[Given data]:
____________________
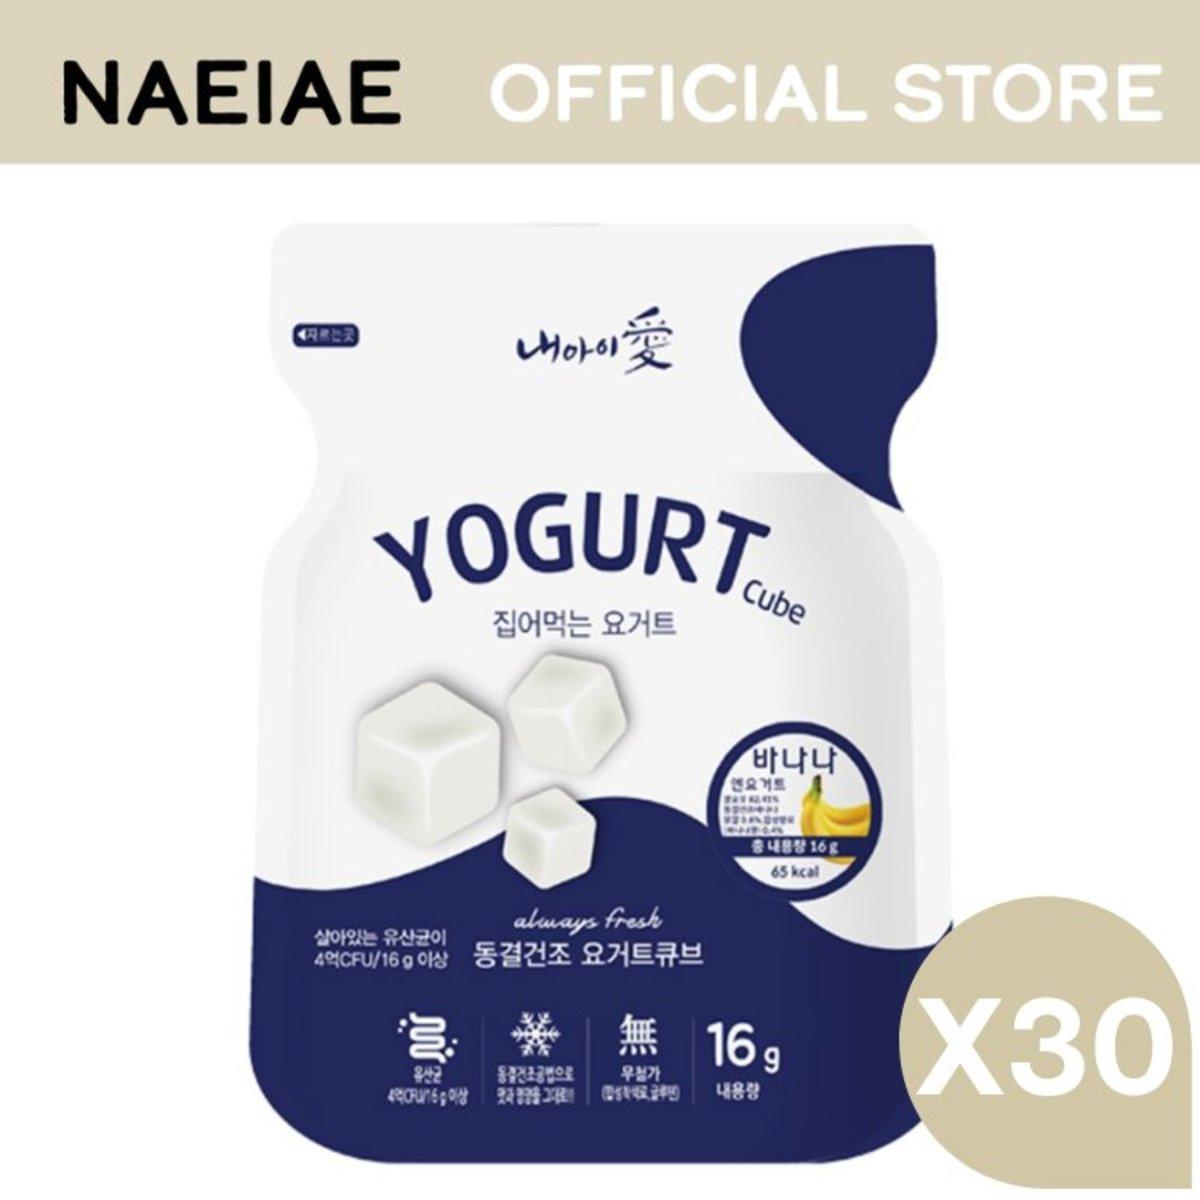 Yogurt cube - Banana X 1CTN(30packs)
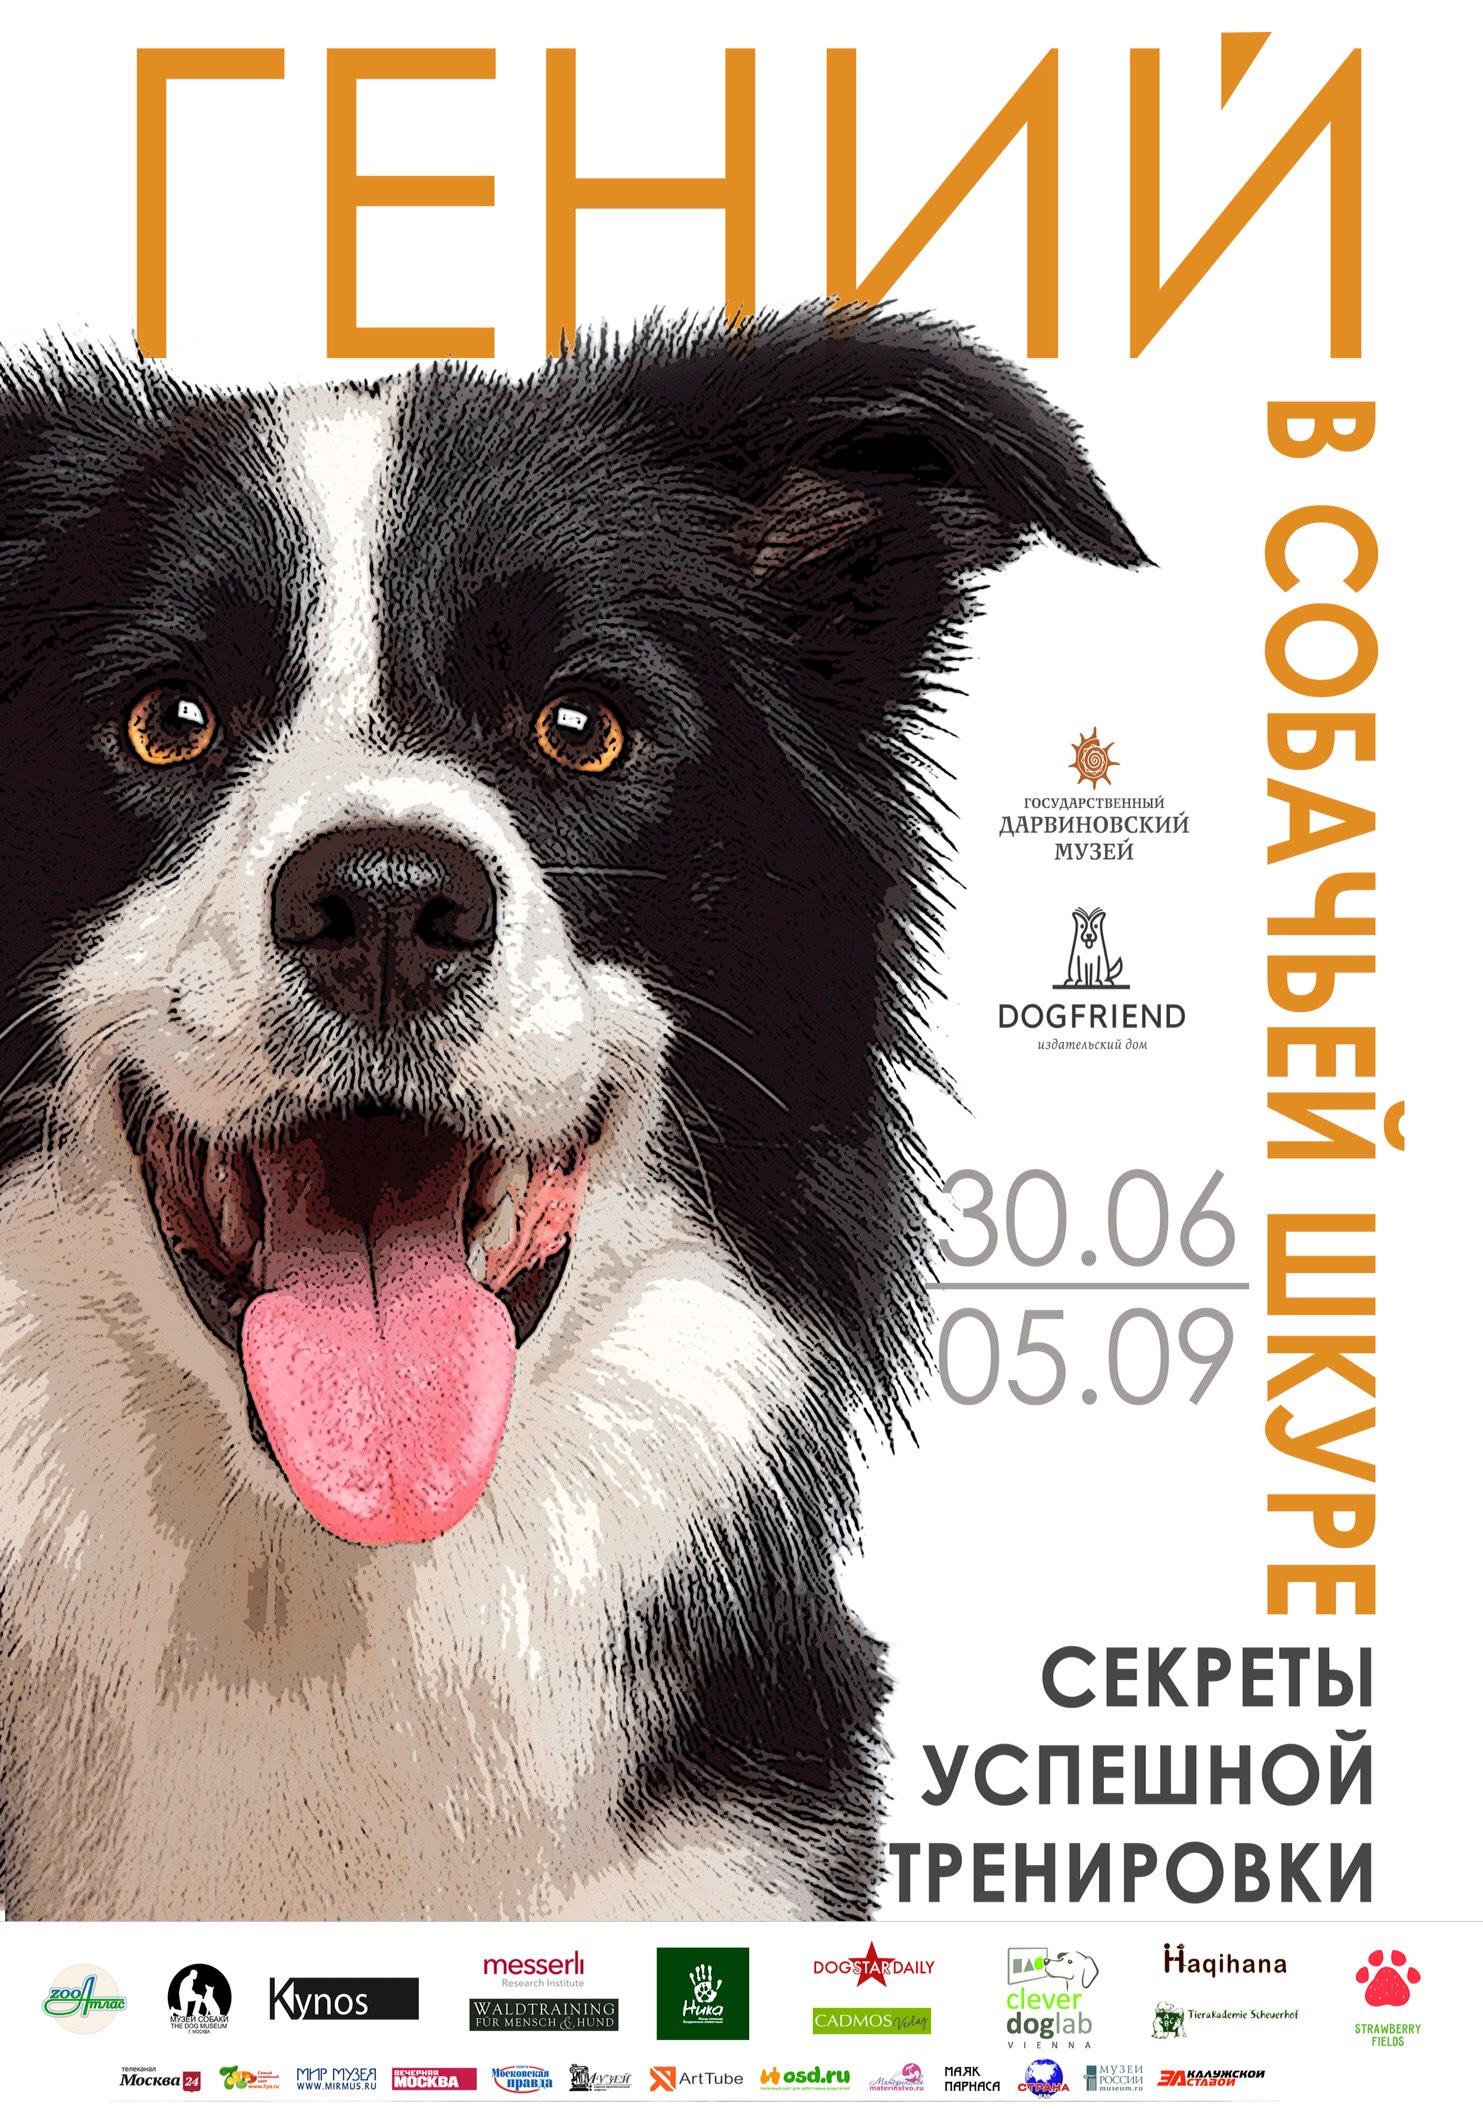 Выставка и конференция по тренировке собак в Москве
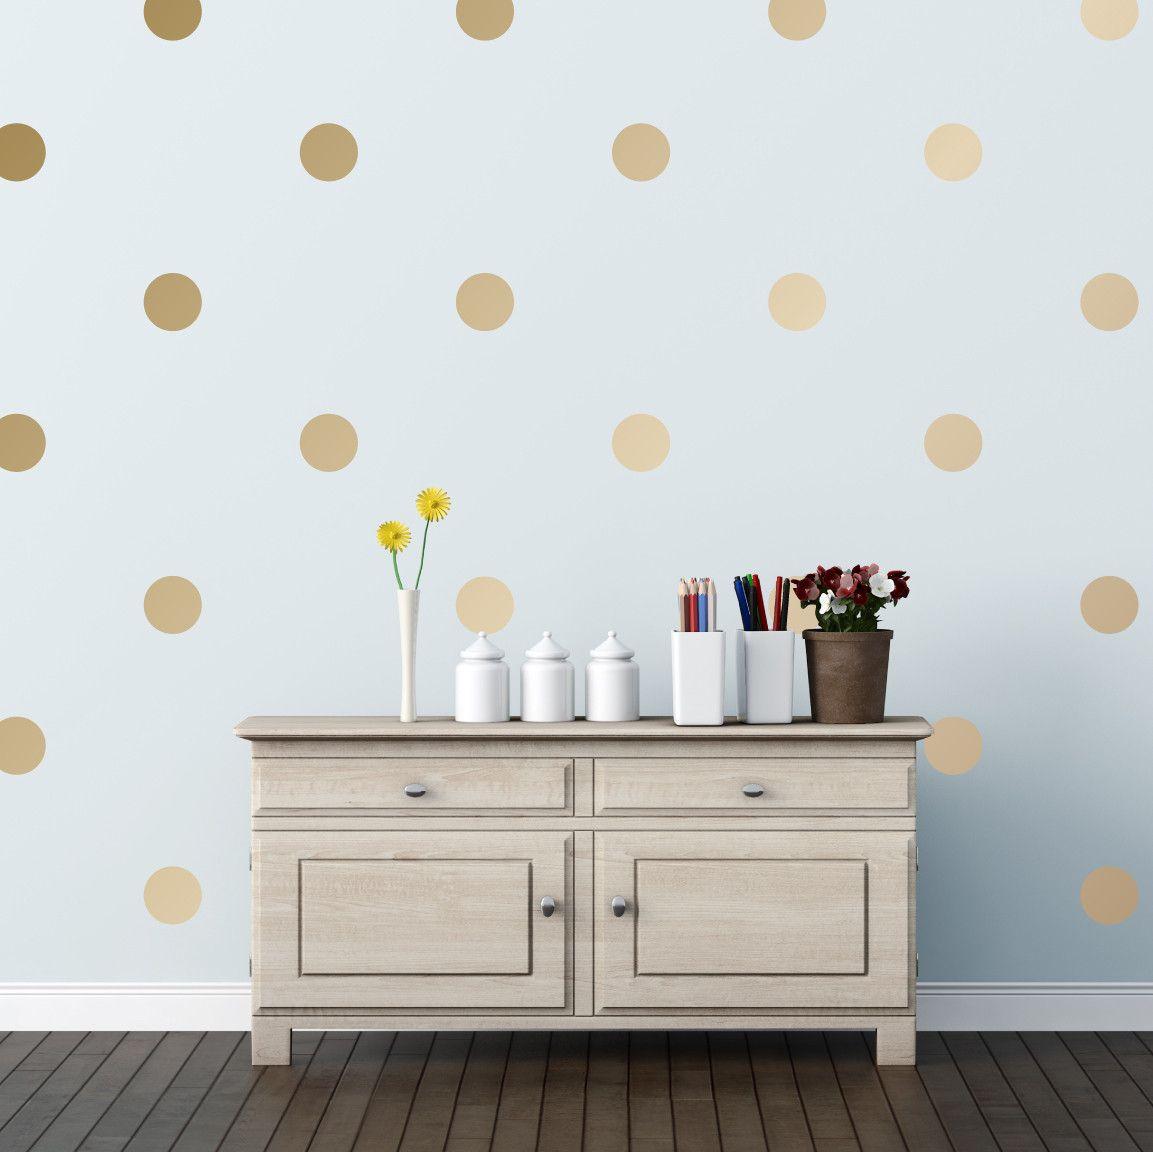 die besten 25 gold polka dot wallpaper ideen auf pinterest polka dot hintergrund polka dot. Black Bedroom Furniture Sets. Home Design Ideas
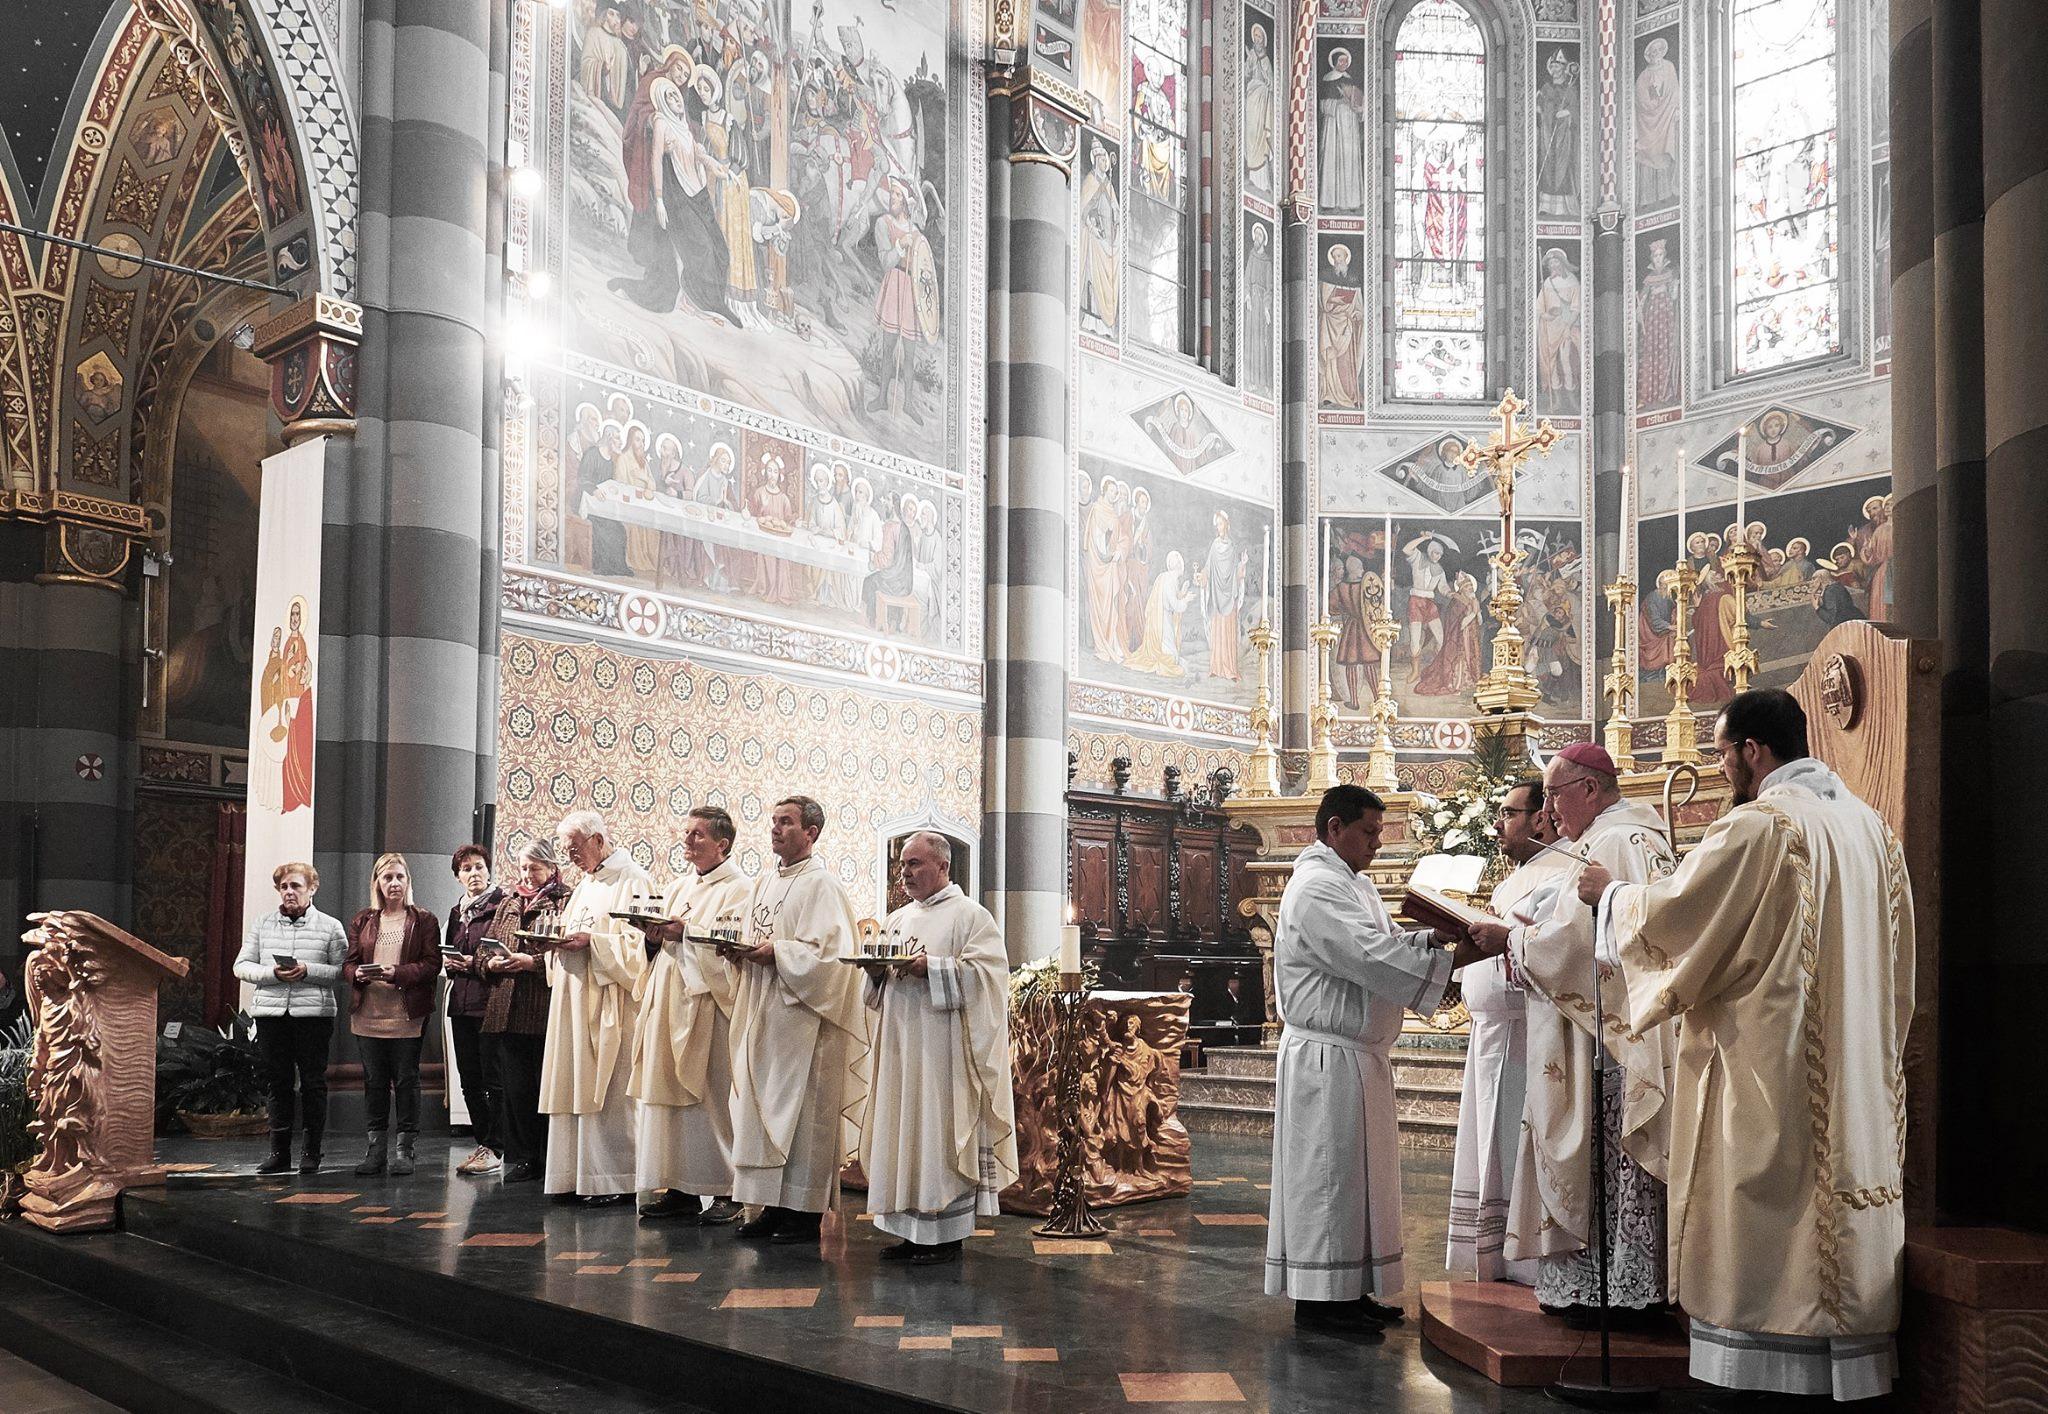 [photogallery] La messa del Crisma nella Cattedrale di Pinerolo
____________________
[What this task involves]: Give back exactly the lines from the one that contains "die besten 25" to the final line of the data above, both included, with all pictures removed.

[Response to this exercise]:
 die besten 25 gold polka dot wallpaper ideen auf pinterest polka dot hintergrund polka dot. Black Bedroom Furniture Sets. Home Design Ideas
 [photogallery] La messa del Crisma nella Cattedrale di Pinerolo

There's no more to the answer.